Hegel, Kojeve, Sartre und der Blick des Andern
Hi Sunshower.

Das bedeutet ja aber jeder macht was ER für richtig hält??daraus folgt doch anarchie und dem zufolge ist existenzialismus nicht humanistisch!!

Eben nicht, wenn man berücksichtigt, dass für Sartre - wie für jeden vernünftigen Menschen - die Freiheit des Menschen da endet, wo die des anderen beginnt. Darauf hat auch dybajes schon hingewiesen.

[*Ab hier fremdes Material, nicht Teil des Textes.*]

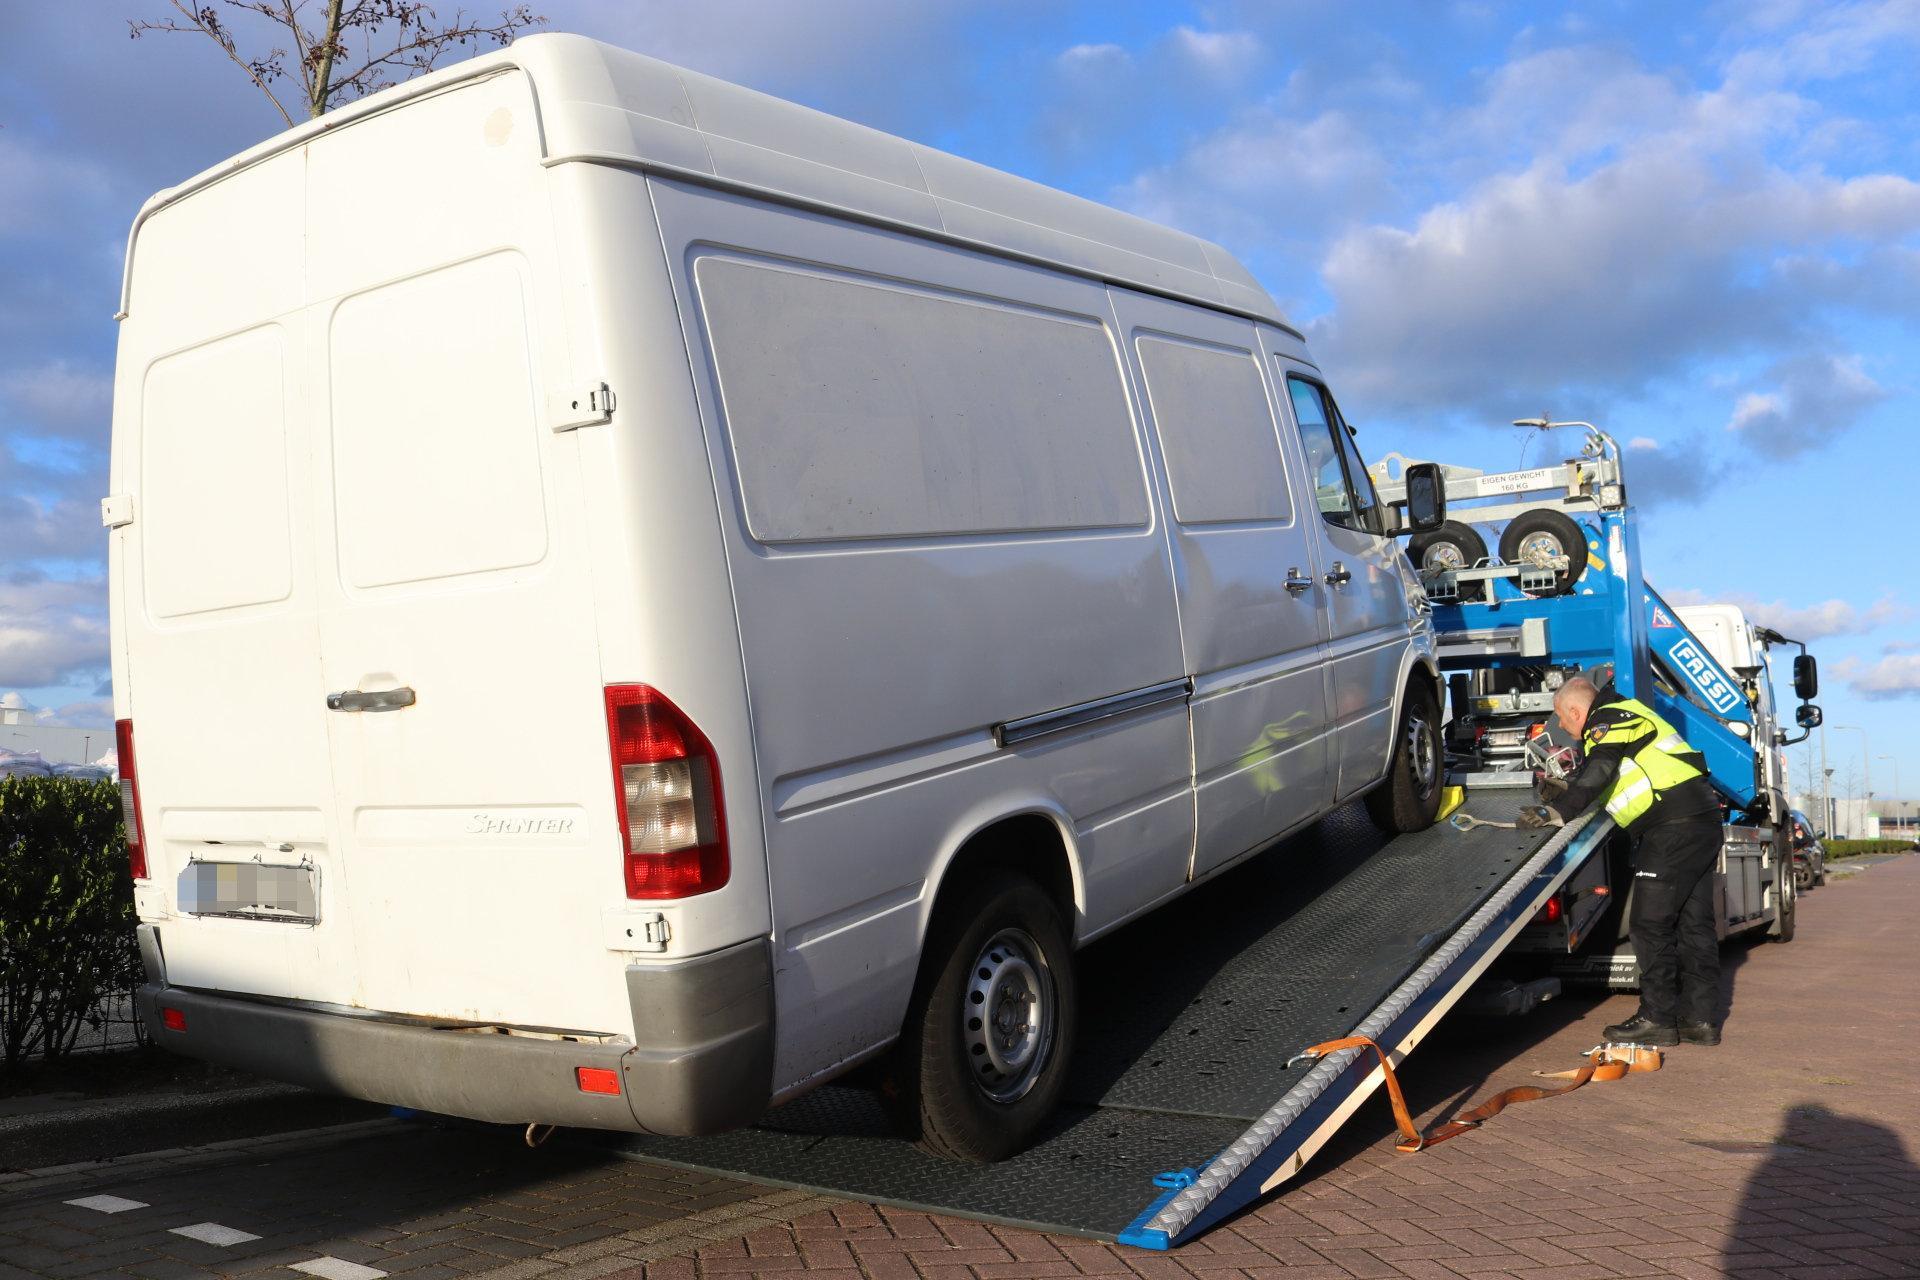 Bijna twee weken na inbraakpoging Rijnsburg wordt door politie gezochte Duitse bestelbus gevonden

In Das Sein und das Nichts schreibt Sartre:

„Wenn wir sagen, daß der Mensch für sich selbst verantwortlich ist, so wollen wir nicht sagen, daß der Mensch gerade eben nur für seine Individualität verantwortlich ist, sondern daß er verantwortlich ist für alle Menschen.“ (S. 12)

Trifft ein Mensch A eine Entscheidung, dann macht er das exemplarisch für a l l e, nicht nur für sich. D.h. er setzt mit einer Entscheidung einen Wert, der für alle verbindlich ist (bzw. sein sollte). Im Falle einer antisozialen Entscheidung bedeutet das, dass A auch dem Andern B das Recht zubilligt, gegen ihn, A, antisozial zu agieren. So würde Freiheit potentiell in Unfreiheit umschlagen, nämlich in den Kampf von A und B auf Leben oder Tod.

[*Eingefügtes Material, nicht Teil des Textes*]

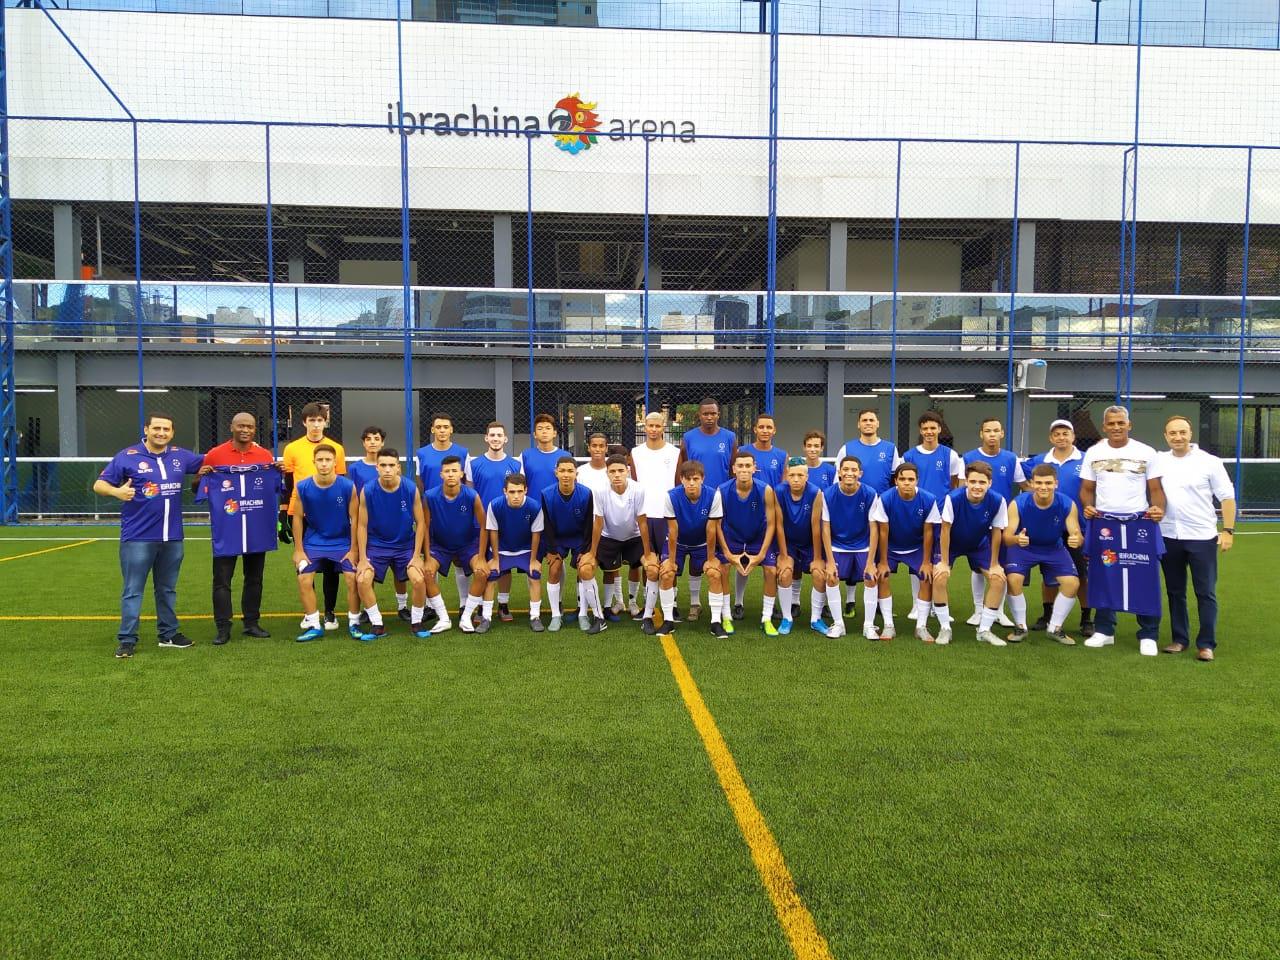 equipe soccerstudies

Also wird A vernünftigerweise eine Entscheidung treffen, die als Maxime für alle gelten könnte (siehe Kant).

Allerdings verpflichtet ihr kein moralisch/ethisches Gesetz dazu. Er ist also frei, sich so oder so zu entscheiden. Und verantwortlich für die Folgen.

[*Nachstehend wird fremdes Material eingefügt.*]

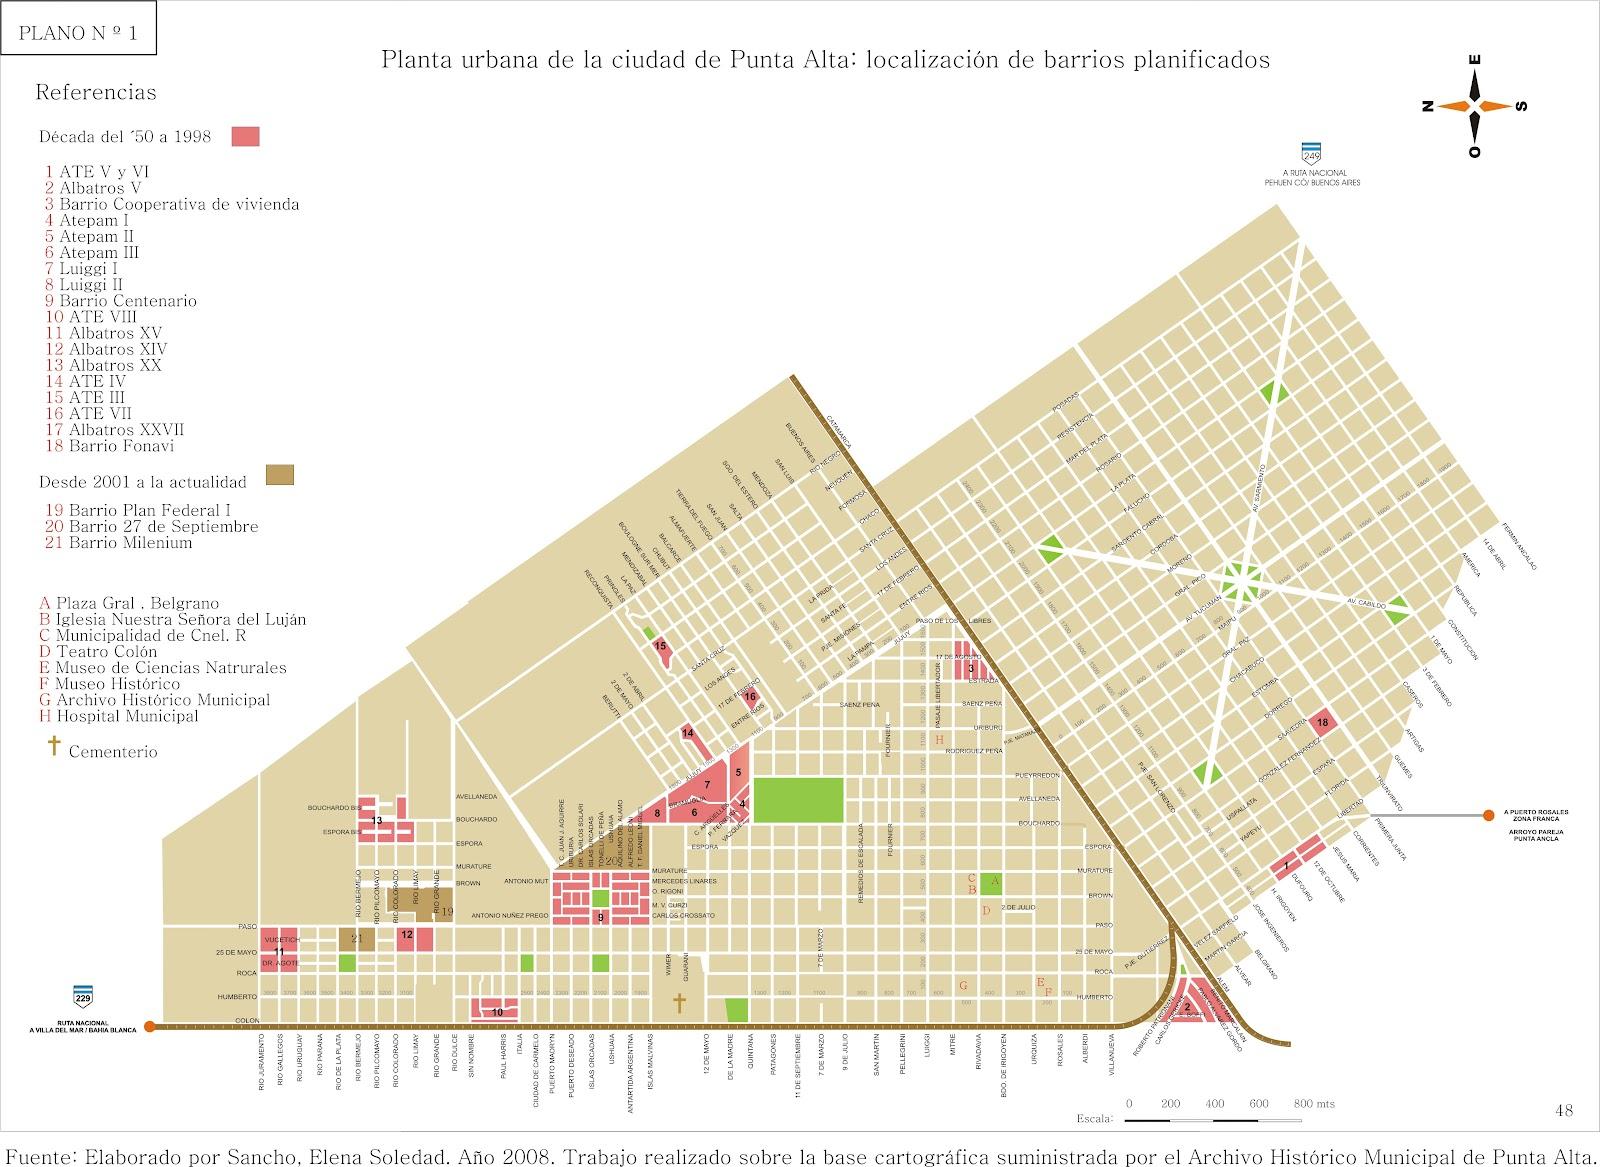 Geoperspectivas geografa y educacin dinmica territorial de la planta urbana de punta alta localizacin de barrios planificados sancho 2008 thecheapjerseys Images

wie ist das aber mit dem blick des anderen gemeint??

Das geht alles auf Hegels Dialektik von Herr und Knecht (PhdG) zurück, die von Alexandre Kojeve Anfang der 30er in Paris den dortigen Intellektuellen, darunter Sartre und Jacques Lacan, vermittelt und gedeutet wurde. Auch Lacan bastelte daraus einen wichtigen Baustein seiner Lehre der Intersubjektivität.

Bei Hegel kämpfen zwei Subjekte um die Anerkennung seites des Andern. Derjenige gewinnt, der sein Leben für diesen Zweck riskiert. Er darf aber den Unterlegenen, den Knecht, nicht töten, da sonst keiner mehr wäre, der ihn, den Herrn, anerkennt. Kojeve hatte das noch verschärft und gelehrt, dass die Begierde nach Anerkennung durch ein anderes Subjekt ein wesentliches Bedürfnis des Menschen sei und dass sich der Mensch als sich seiner selbst bewusstes Subjekt erst so herausbildet. Sartre und Lacan nahmen diese Anregung eifrig auf.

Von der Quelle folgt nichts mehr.